Compile / PB.targets := Seq(
scalapb.gen() -> (Compile / sourceManaged).value / "scalapb",
scalapb.validate.gen() -> (Compile / sourceManaged).value / "scalapb"
)
libraryDependencies ++= Seq(
"com.thesamet.scalapb" %% "scalapb-validate-core" % scalapb.validate.compiler.BuildInfo.version % "protobuf"
)

Note that we are adding scalapb-validate-core as a protobuf dependency. This makes it possible to import validate/validate.proto from your own protos.

If ScalaPB generator parameters are passed via scalapb.gen(options: GeneratorOption*), the same parameters must be passed to scalapb.validate.gen(options: GeneratorOption*).

Using the generated code#

Generated code for both ScalaPB and scalapb-validate is generated at compilation time. In sbt, just type compile.

In addition to the standard ScalaPB generated files, scalapb-validate will generate a validator object for each message based on its protoc-gen-validate rules. For a message named Msg the validator object will be named MsgValidator and will extend scalapb.validate.Validator[Msg]. An implicit instance of the validator is added to the companion object of each message, which makes it possible to write Validator[Msg] to obtain an instance of the validator.

Validators#

The validator object is an object with a validate method that takes an instance of a message and returns the validation result: The Validator[T] is defined as follows:

trait Validator[T] {
def validate(t: T): Result
}

where Result is a data structure that can be either a Success or a Failure:

sealed trait Result {
def isSuccess: Boolean
def isFailure: Boolean
}
case object Success extends Result { ... }
case class Failure(violations: List[ValidationException]) extends Result { ... }

Therefore, the validation for the test person casn be run like this:

Validator[Person].validate(personInstance) match {
case Success => println("Success!")
case Failure(violations) => println(violations)
}

Package-scoped extension options#

ScalaPB-validate further extends ScalaPB's package-scoped options to achieve additional customization:

syntax = "proto2";
package mypkg;
import "scalapb/scalapb.proto";
import "scalapb/validate.proto";
option (scalapb.options) = {
scope: PACKAGE
[scalapb.validate.file] {
validate_at_construction: true
insert_validator_instance: true
skip: false
}
};
  • validate_at_construction when true, a check for validity is added to the message class body, so construction of invalid messages results in a validation exception. Default: false.
  • insert_validator_instance when true, implicit instance of a Validator is added to the companion object of the message. This enables writing Validator[MyMsg].validate(instance). Default: true.
  • skip when true, skips gnerating validators for messages defined in this file. This can be set for a third-party package to work around the problem that there are no validators for it. See this testcase for a usage example.

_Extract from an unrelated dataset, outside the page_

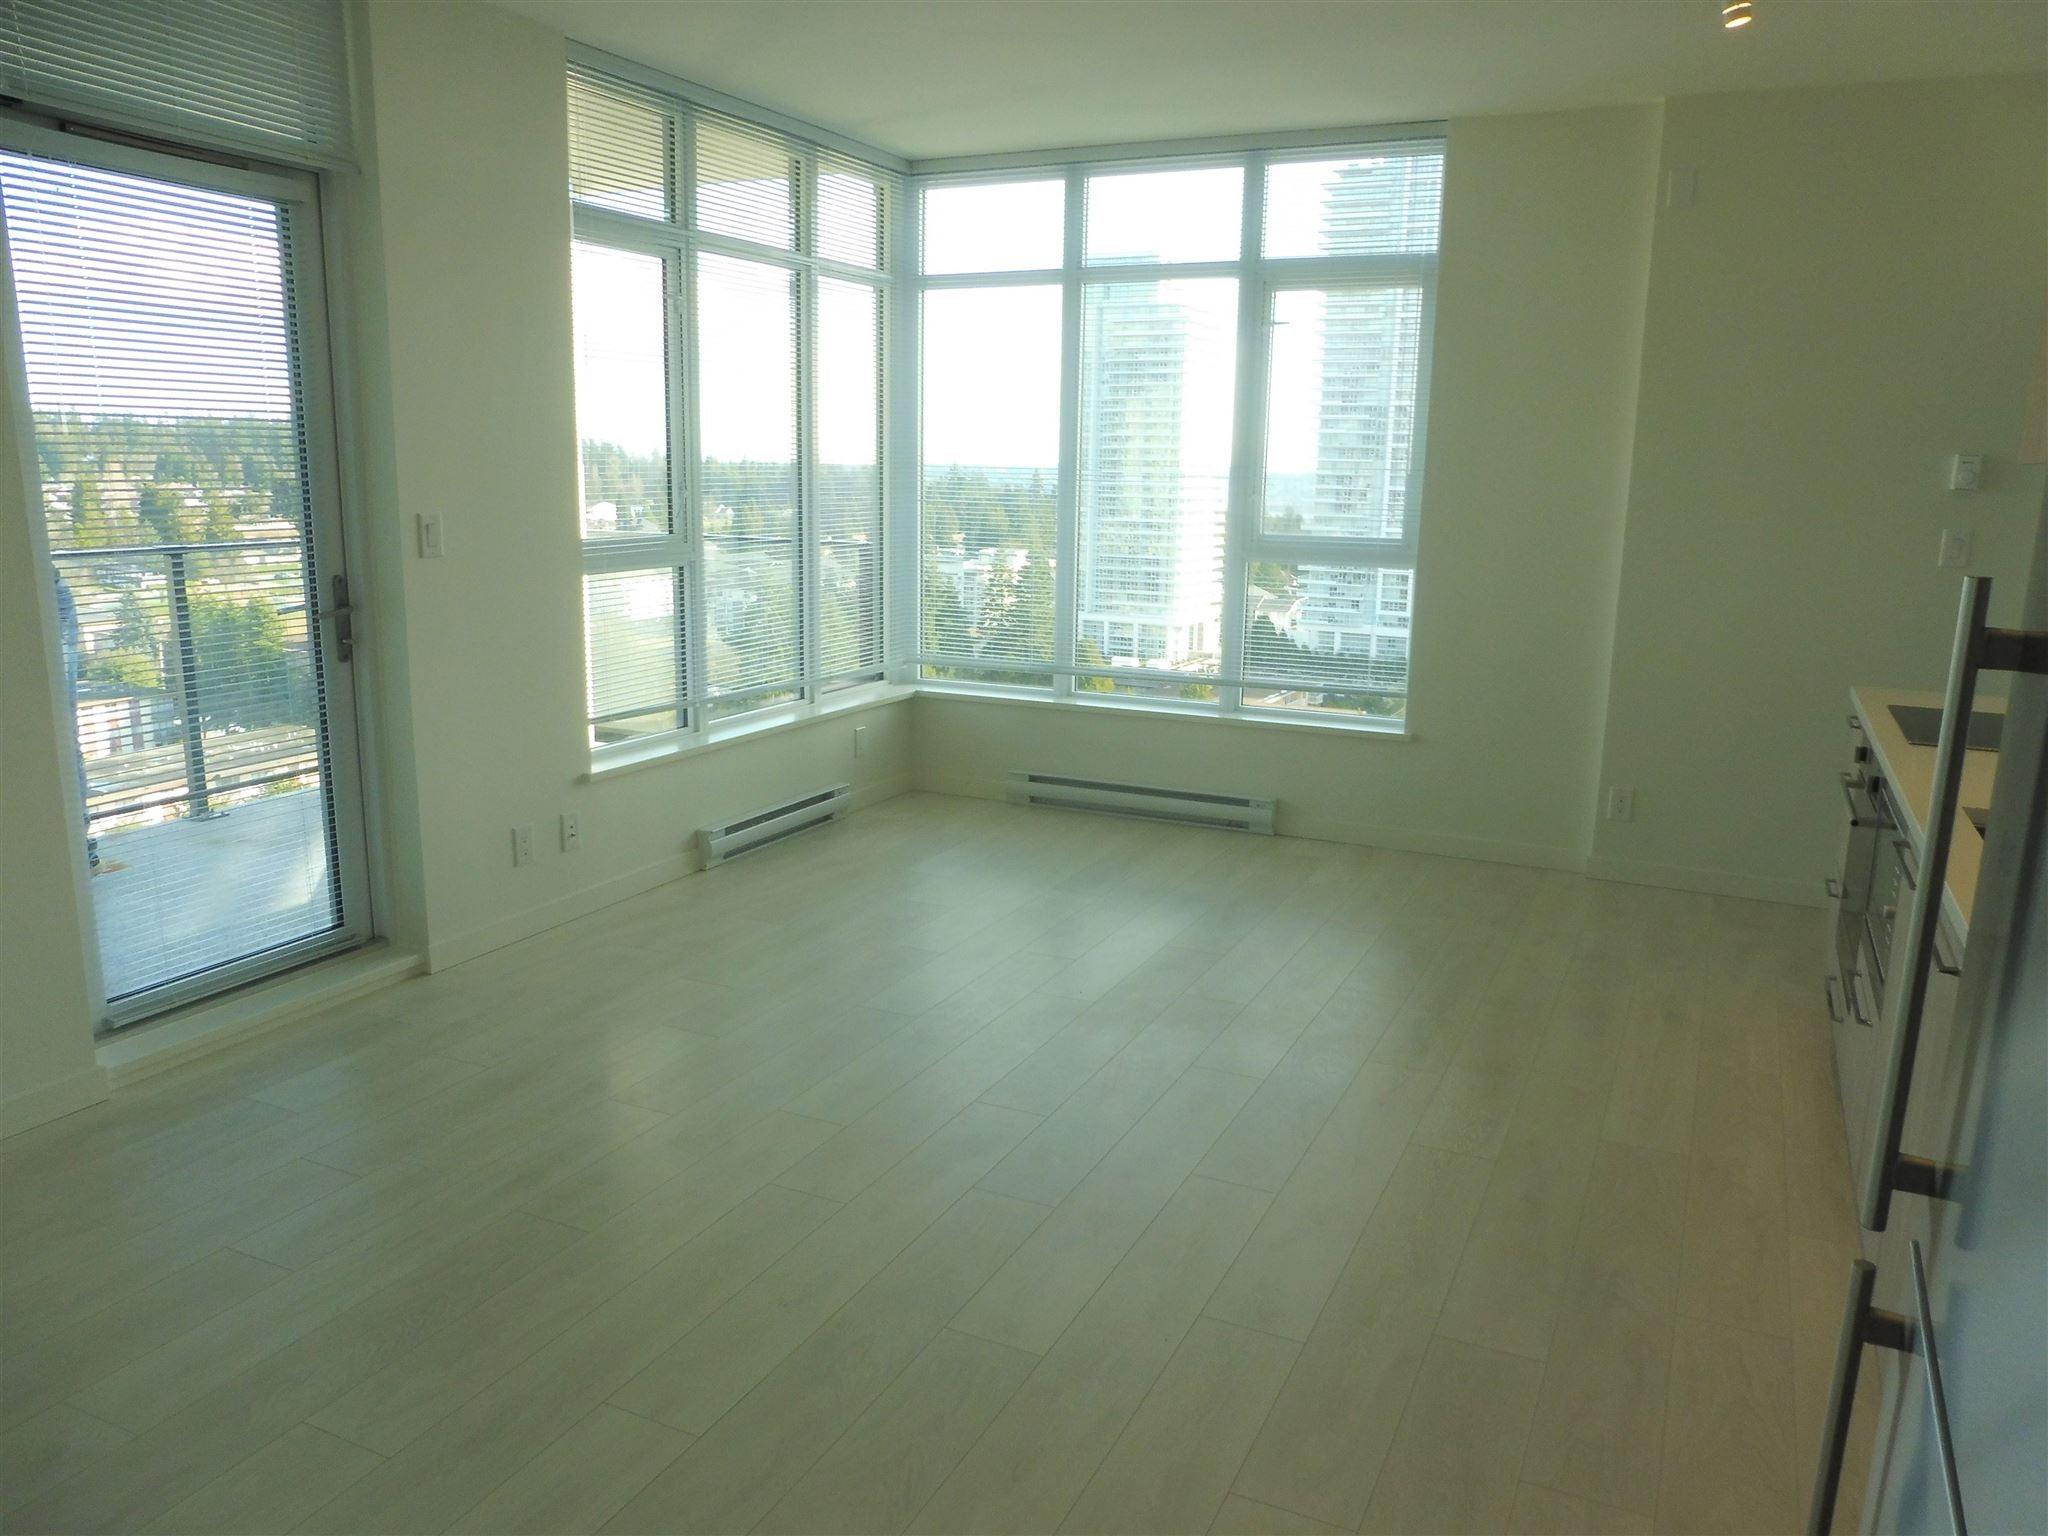 1409 691 NORTH ROAD - Coquitlam West Apartment/Condo for sale, 2 Bedrooms (R2604155) - #8

Rule-based type customization#

Starting from version 0.10.10, ScalaPB provides a way to customize its own options by writing rules that are matched against arbitrary protobuf options. When these rules are matched, additional ScalaPB options are added to the matched entity. For example, you can create a transformation that whenever a field has a PGV-rule like int32: { gt: 0 }}, then it will be typemapped to a custom class PositiveInt.

Installation#

The features described in this section have the following version requirements:

  • sbt-protoc >= 1.0.0
  • ScalaPB >= 0.10.10
  • scalapb-validate >= 0.2.0

While field transformation is a generic ScalaPB mechanism, it is also recommended that you add scalapb-validate's preprocessor to PB.targets. The preprocessor does two things:

  1. Provides field transformations for Set and cats data types.
  2. Expand your PGV-based rules such that they match repeated items, map keys and map values.
Compile / PB.targets := Seq(
scalapb.validate.preprocessor() -> (Compile / sourceManaged).value / "scalapb",
scalapb.gen() -> (Compile / sourceManaged).value / "scalapb",
scalapb.validate.gen() -> (Compile / sourceManaged).value / "scalapb"
)
libraryDependencies ++= Seq(
"com.thesamet.scalapb" %% "scalapb-validate-core" % scalapb.validate.compiler.BuildInfo.version % "protobuf",
// If you are using Cats transformations:
"com.thesamet.scalapb" %% "scalapb-validate-cats" % scalapb.validate.compiler.BuildInfo.version,
"org.typelevel" %% "cats-core" % "2.3.0"
)

There is an example project available on github.

Field transformations#

If you want all positive integers to be typemapped to a Scala class called PositiveInt you can create a proto file with the following content:

syntax = "proto2";
package mypackage;
import "scalapb/scalapb.proto";
import "scalapb/validate.proto";
import "validate/validate.proto";
option (scalapb.options) = {
preprocessors: ["scalapb-validate-preprocessor"]
field_transformations: [
{
when: {options { [validate.rules] {int32: {gt: 0}} }}
set: {
[scalapb.field] {
type: "mypkg.PositiveInt"
}
}
}
]
};

The scope of this definition is the entire protobuf file it is found in. Field tranformations can also be used in package-scoped options so they are passed to all files within the package.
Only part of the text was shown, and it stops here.